For dead letters: keep a side store of records that failed N times. Surface a metric and a daily report so they get attention.

Observability

Every pipeline run should emit:

  • start/end timestamps and duration;
  • counts processed, written, skipped, failed;
  • per-stage timings (read, transform, commit);
  • the resulting cursor;
  • the top N error reasons.

Forward these to your monitoring stack. The workspace's Monitoring page has the built-in dashboards; extend them with your own metrics endpoint if your pipelines run outside the workspace.

Secrets

All credentials — source-side API keys, the Curiosity ingestion token — live in a secret manager. Pipelines read them from env vars at startup. Never commit them to source. See Token scopes and Security.

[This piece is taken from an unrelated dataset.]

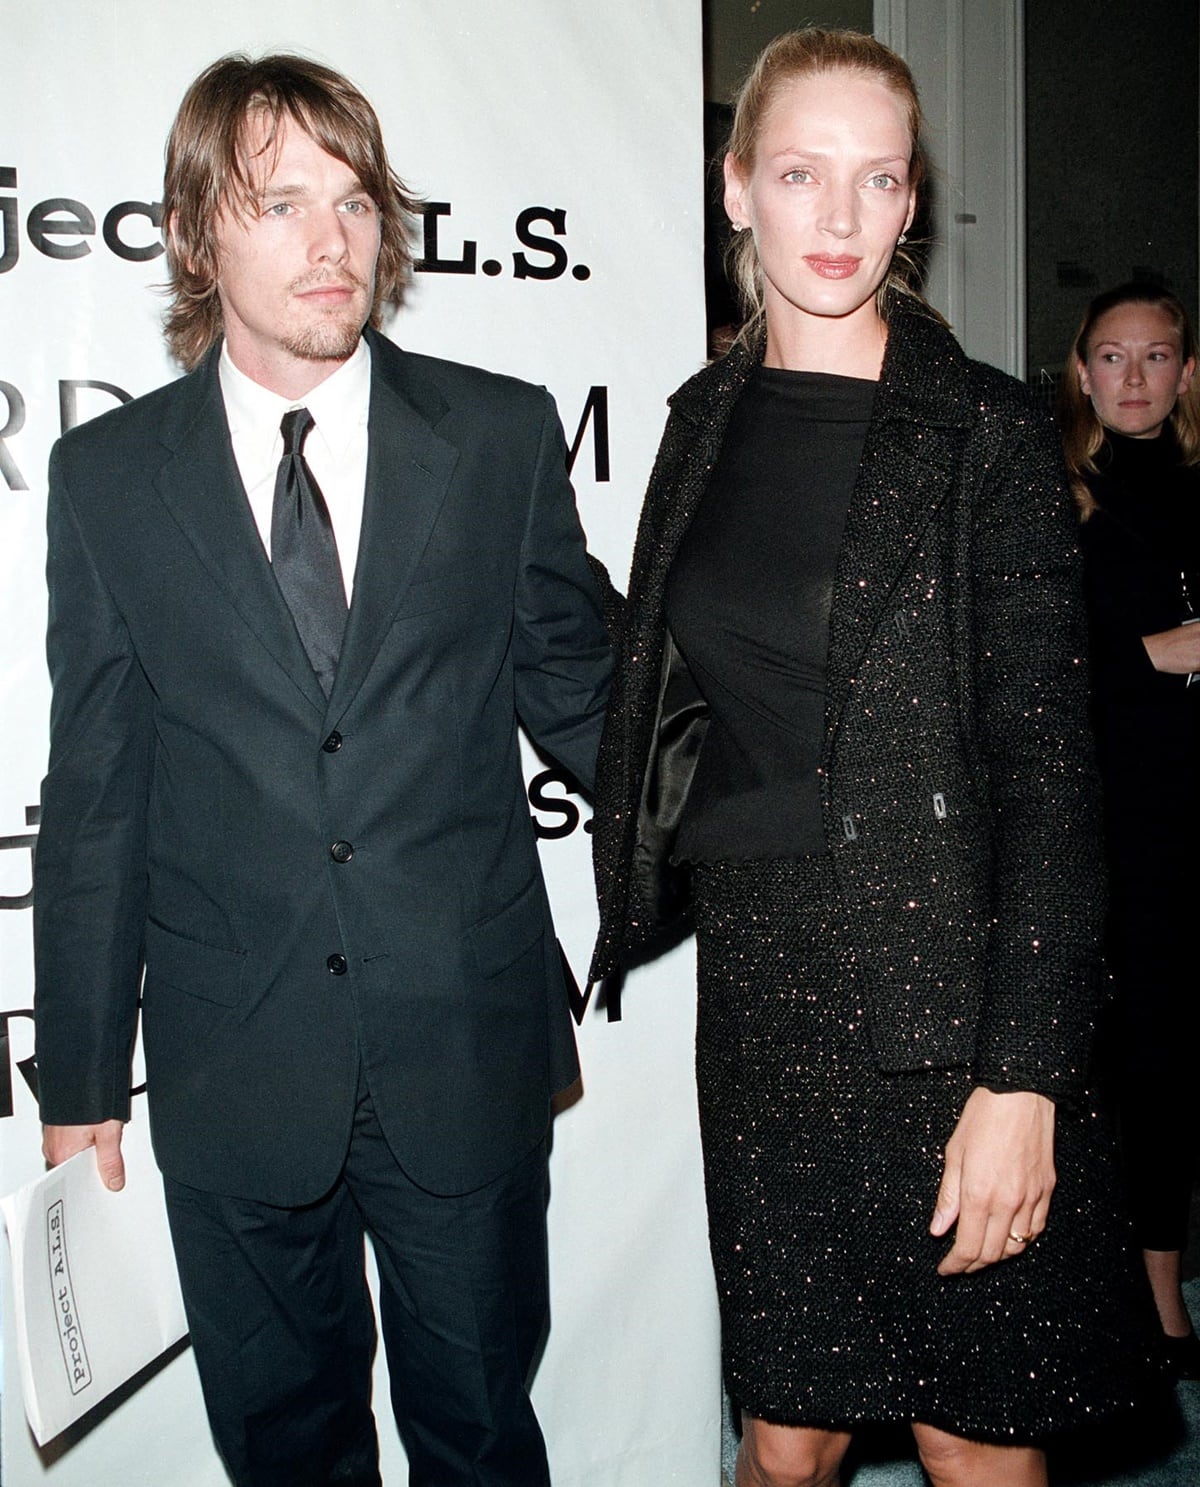 Uma Thurman is taller than Ethan Hawke, whom she married in 1998 and divorced in 2005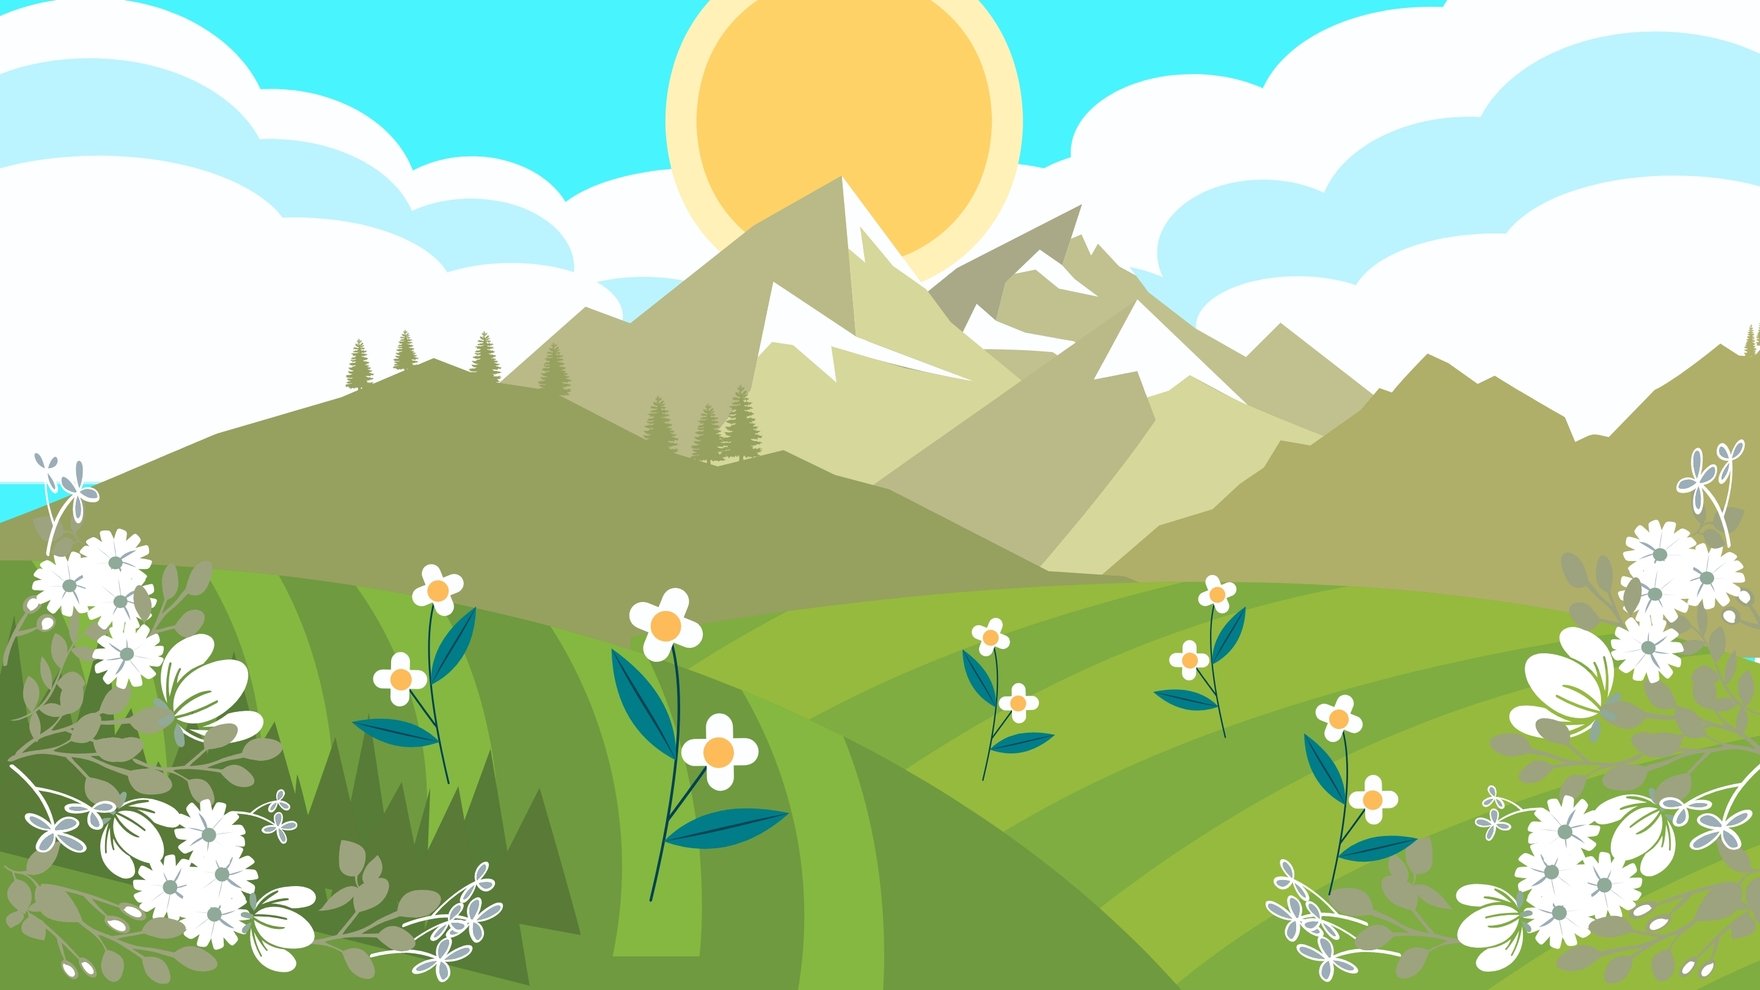 Free Flowers With Mountain Background in Illustrator, EPS, SVG, JPG

Promoting through environments

Same as application code:

  1. Develop against a local Workspace.
  2. Validate in staging with a representative subset of source data.
  3. Promote to production after counts, latencies, and error rates look right in staging.
  4. Roll back by reverting the connector binary and replaying from a cursor before the bad run.

See Deployment.

Operational checklist

  • Pipeline is idempotent (verified by running twice).
  • Cursor advances forward only and survives a mid-run crash.
  • Deletes in source are reflected in graph within one reconciliation cycle.
  • Retries on transient failures; dead-letter for persistent failures.
  • Metrics: count, duration, error rate, cursor lag.
  • Alerts: ingestion failure rate > 5%, cursor lag > expected SLA.
  • Secrets in a secret manager, not in source.
  • Connector binary versioned and pinned in CI.
  • Backup tested before any breaking schema change.